This is a modified version of the logstash-input-jdbc plugin forked from here:
https://github.com/logstash-plugins/logstash-input-jdbc
The goal is to optimize loading of events into elasticsearch from tables using an autoincrement column.
Using this approach I believe that we can keep tables in sync with an elasticsearch index more efficiently than using the @sql_last_start on time/date field.
State is kept in the elasticsearch index - not a seperate logstash state file.
The plugin requires a few additional config elements in the input section(see logstash-mysql.conf for complete example):
elasticsearch_host => "http://127.0.0.1:9200"
elasticsearch_index => "bar"
elasticsearch_type => "qf"
elasticsearch_logging => true
mysql_auto_increment_column => "aiid"
A table created like this(not tested since i dont have my hands on a (mysql) terminal, but I think it explains enough):
create table foo(
foo_id integer primary key,
name varchar(255),
.....other columns....
aiid integer auto_increment
);
Then the sql string in the logstash config should be:
select * from foo where aiid>:max_id order by aiid
or if you want to load a huge table a little at a time:
select * from foo where aiid>:max_id order by aiid limit 10000
Surely we don´t need to use a seperate column for auto_increment - the primary key could also be used as long as it "auto increments".
Before each execution of the sql statement, the plugin reads the max value stored in the elasticsearch index. If the index is found the plugin uses the value as max_id in the sql query.
q = '{
"query": {
"bool": {
"must": [
{
"range": {
"'+type_aiid+'": {
"gte": "0"
}
}
}
]
}
},
"from": 0,
"size": 1,
"sort": [
{
"'+type_aiid+'": {
"order": "desc"
}
}
]
}'
input {
jdbc {
jdbc_driver_library => "mysql-connector-java-5.1.37-bin.jar"
jdbc_driver_class => "com.mysql.jdbc.Driver"
jdbc_connection_string => "jdbc:mysql://127.0.0.1:3306/foo"
jdbc_validate_connection => true
jdbc_user => "foo_user"
jdbc_password => "foo_passwd"
elasticsearch_host => "http://127.0.0.1:9200"
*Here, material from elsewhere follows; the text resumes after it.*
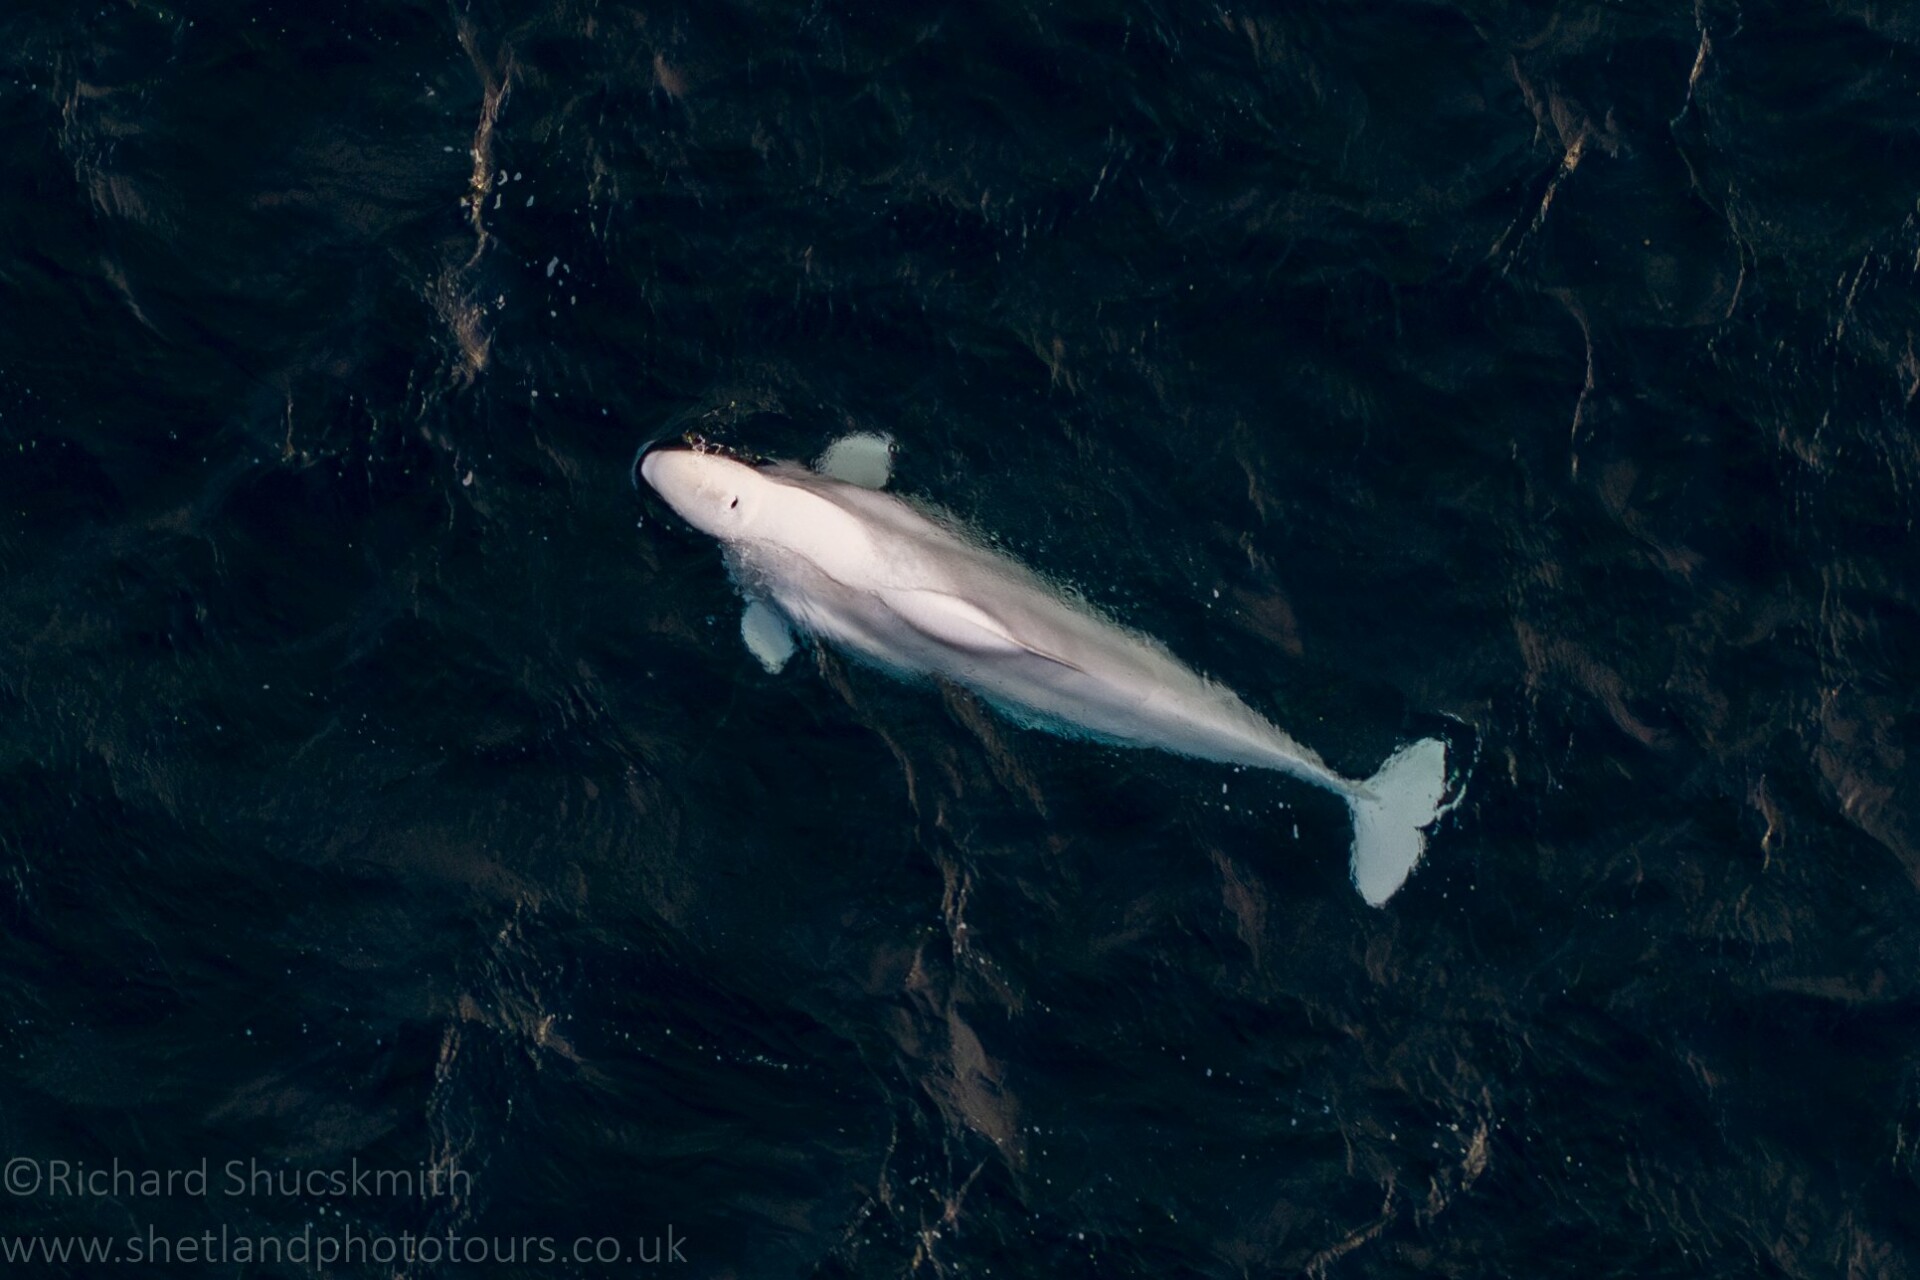 A búvár drónt használ fehér bálnaképek rögzítésére

elasticsearch_index => "bar"
elasticsearch_type => "qf"
elasticsearch_logging => true
mysql_auto_increment_column => "aiid"
schedule => "* * * * *"
statement => "select aiid, id as foo_id, replace(value, '\\', '/') as path from foo_table where aiid>:max_id order by aiid limit 100000"
}
}
output {
elasticsearch {
hosts => ["127.0.0.1:9200", "127.0.0.2:9200", "127.0.0.3:9200"]
index => "bar" # Must be the same as defined in the input config above
document_type => "qf" # Must be the same as elasticsearch_type in input config above
}
}
If the table rows are changed, this plugin will not re-index those rows.